How cat pictures gave Whitey Bulger's victims some restitution

An auction of James 'Whitey' Bulger's belongings held Saturday raised $109,295 for the families of his victims. 

Charles Krupa/AP
A selection of kitty cat mugs were among items belonging to James "Whitey" Bulger and Catherine Greig that were auctioned off this weekend at the Boston Convention Center, Saturday, June 25, 2016, in Boston.

Cat mugs, a Stanley Cup replica ring, and a boxing dummy wearing a safari hat were just a few of the 100+ items sold Saturday at an auction of James "Whitey" Bulger's belongings. 

The auction, held at the Boston Convention and Exhibition Center in Boston, Mass., aimed to raise money for the families of 20 people murdered by the infamous crime boss and his crew, as well as three Bulger extortion victims. The items auctioned off were recovered in the apartment Mr. Bulger shared with girlfriend Catherine Greig in Santa Monica, Calif., at the time of his arrest in 2011.

Also found were 30 guns and a memoir that Bulger had been in the midst of writing, neither of which were put up for sale at the auction. 

A total of $109,295 was raised Saturday as bidders competed for a chance to own personal items of varying worth, ranging from a pair of slippers to a pencil holder shaped like a rat to a gold diamond claddagh ring, which fetched the highest price at $23,000. After auction and storage costs are deducted, all proceeds – along with $822,000 found in the walls of the Santa Monica apartment – will go to Bulger's victims and their families. 

"We can’t bring back the victims," said Thomas J. Abernathy III, assistant chief inspector of the asset forfeiture division of the United States Marshals Service, which held the auction, to The New York Times. "This is better than destroying the property, and it’s some compensation for the victims."

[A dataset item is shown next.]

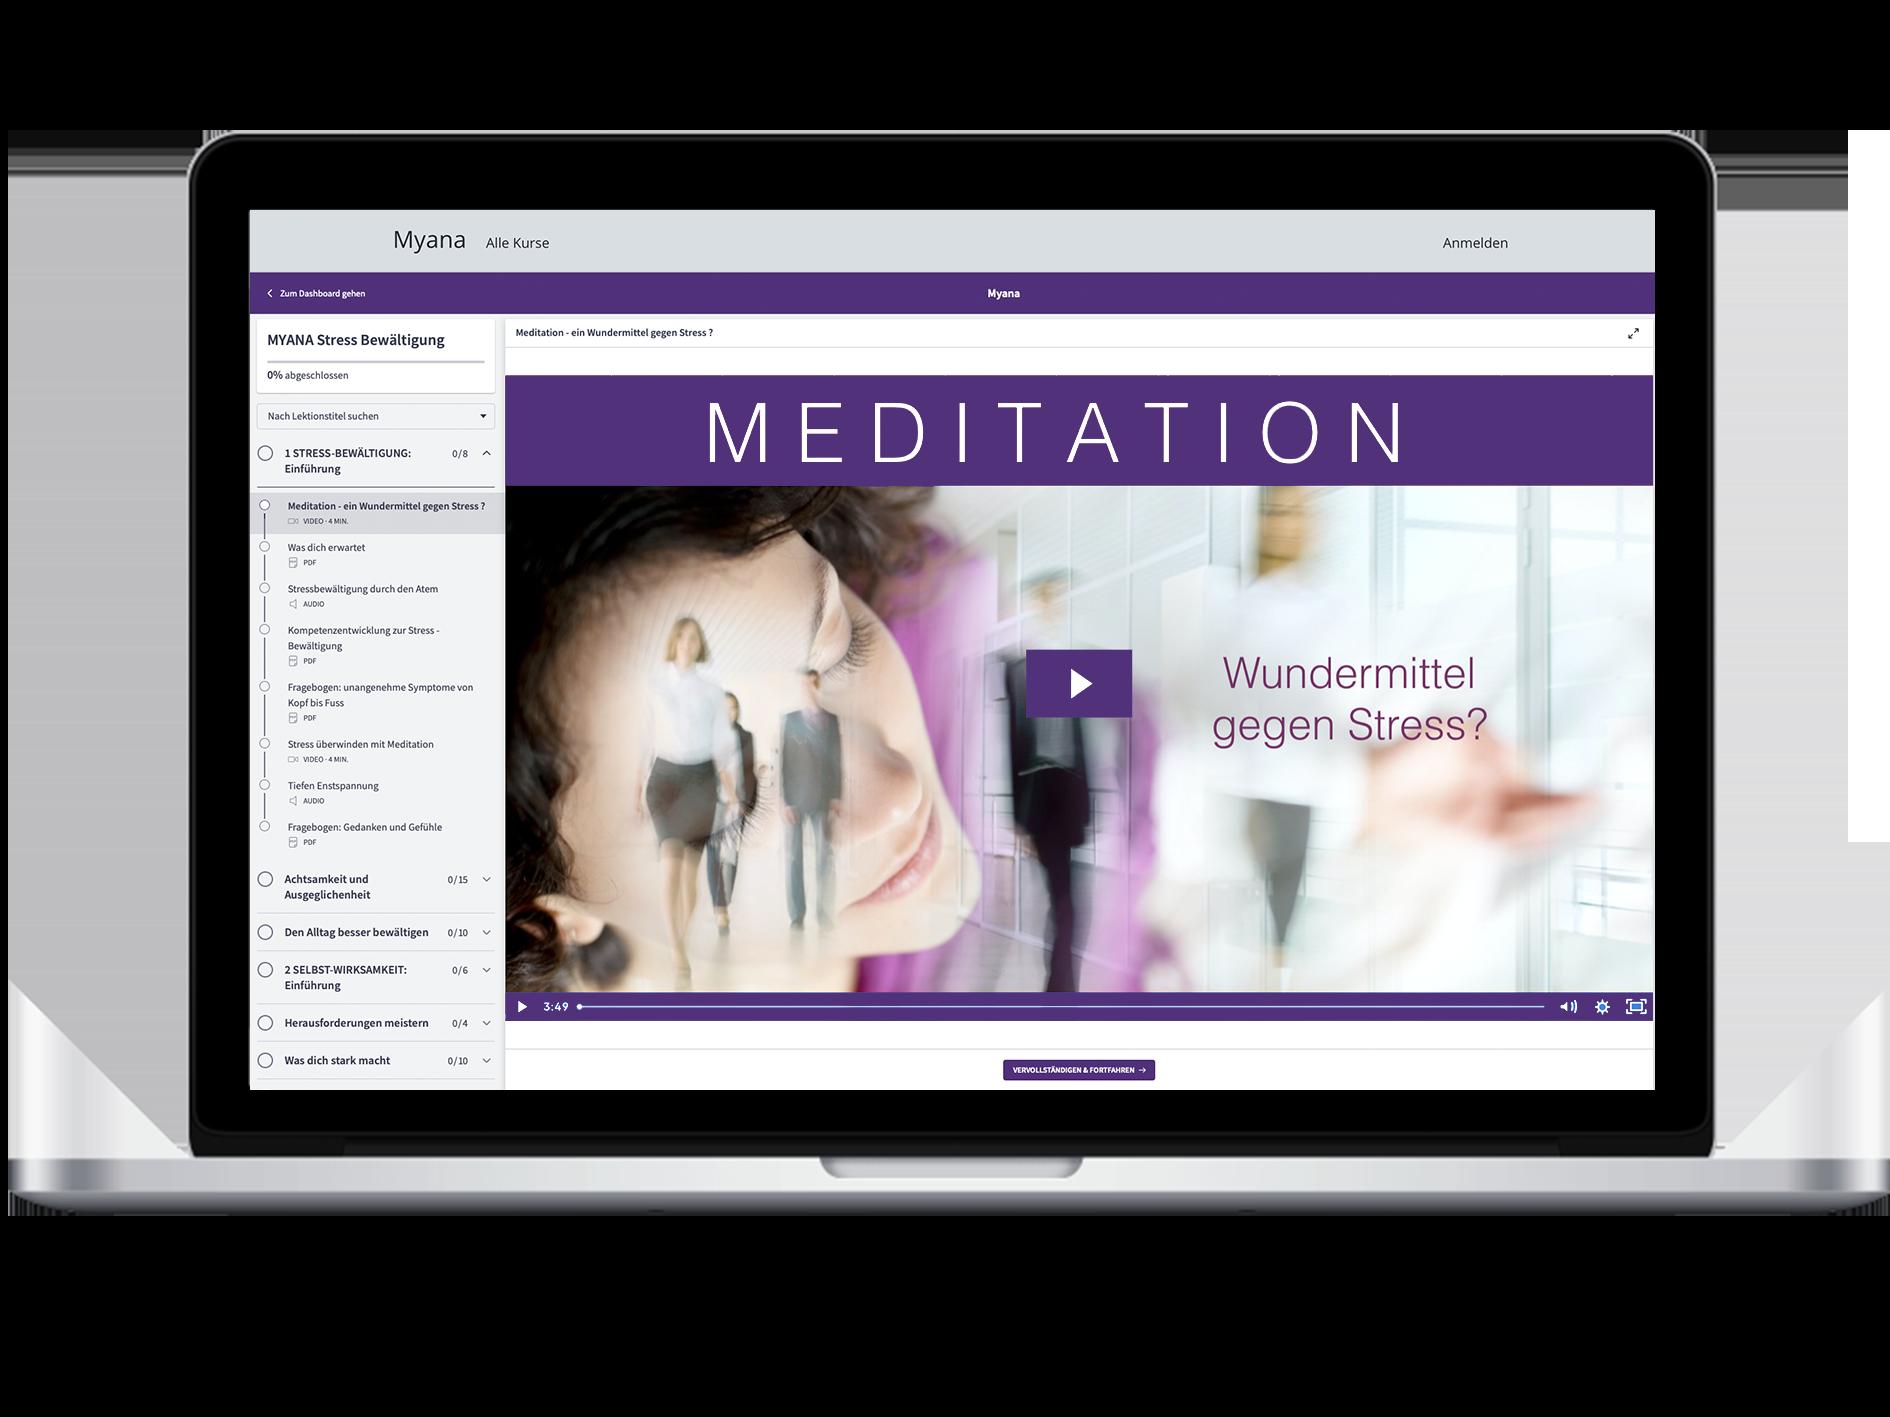 Myana dein Meditations Online Kurs
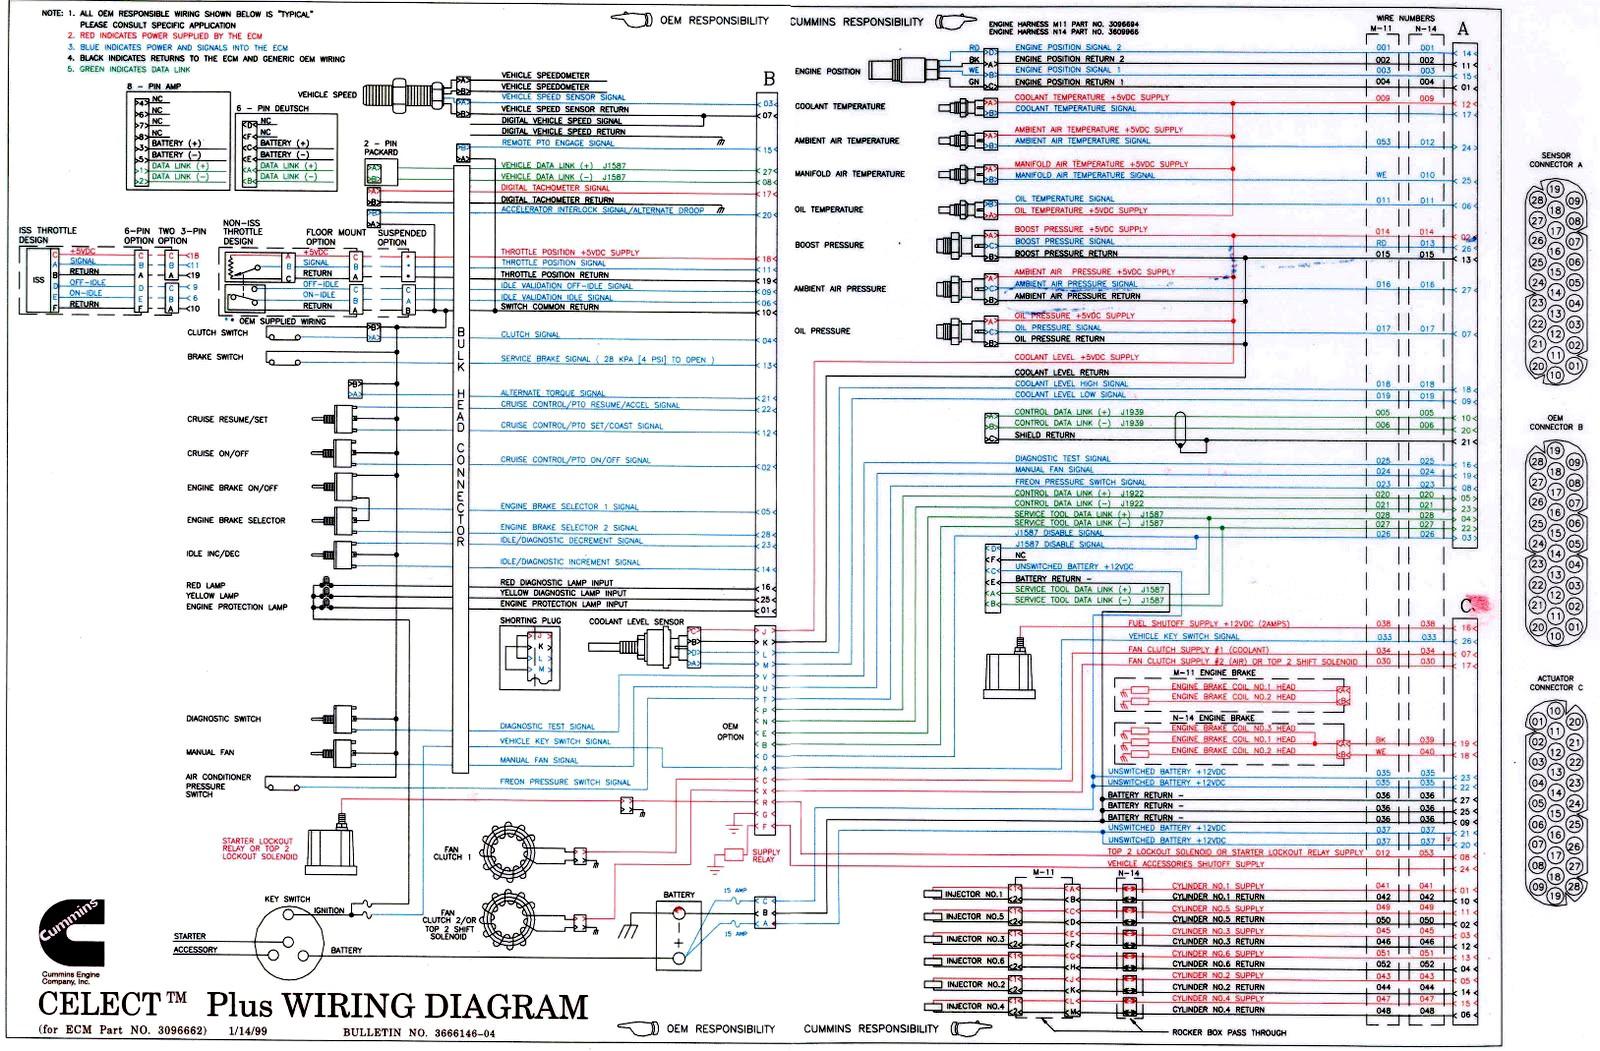 medium resolution of m11 wiring diagram wiring diagram portal basic electrical schematic diagrams m11 wiring diagram

Some of the buyers hailed from South Boston, Bulger's old neighborhood, and cited nostalgic reasons for their purchases; others simply wanted to help out the victims and their families. One friend of Ms. Greig's twin sister bought framed photos of Bulger and Greig's pets, with the intent to return them to Greig after she is released from prison in 2020. 

The event drew criticism from some who said that the auction glamorized Whitey Bulger and his crimes. 

"It sickens me to think, you know, the people and the hype on this," Steve Davis, who maintains that his sister Debra was strangled by Bulger although the jury in Bulger's 2013 trial reached no conclusion on that charge, told NPR prior to the auction. 

"I wish they'd put it to rest," he said. "They should have just destroyed everything. By the time I get a check ... it's probably not even dinner money."

Despite his reservations, Mr. Davis attended the auction and even bid on several items in an attempt to boost their price. 

"All the damage has been done," he later told the Times. "All the families can do now is get financial help."

Bulger, who is now 86, was sentenced in 2013 to two life terms plus five years after a jury found him guilty on more than 30 charges, including federal racketeering, extortion, and complicity in 19 murders. 

"This certainly isn’t going to make [the families of Bulger's victims] whole," Massachusetts US Attorney Carmen Ortiz told CNN affiliate WFXT. "Nothing that we do is going to make them whole, but we’re hoping … it helps to heal a little bit of what they had to go through."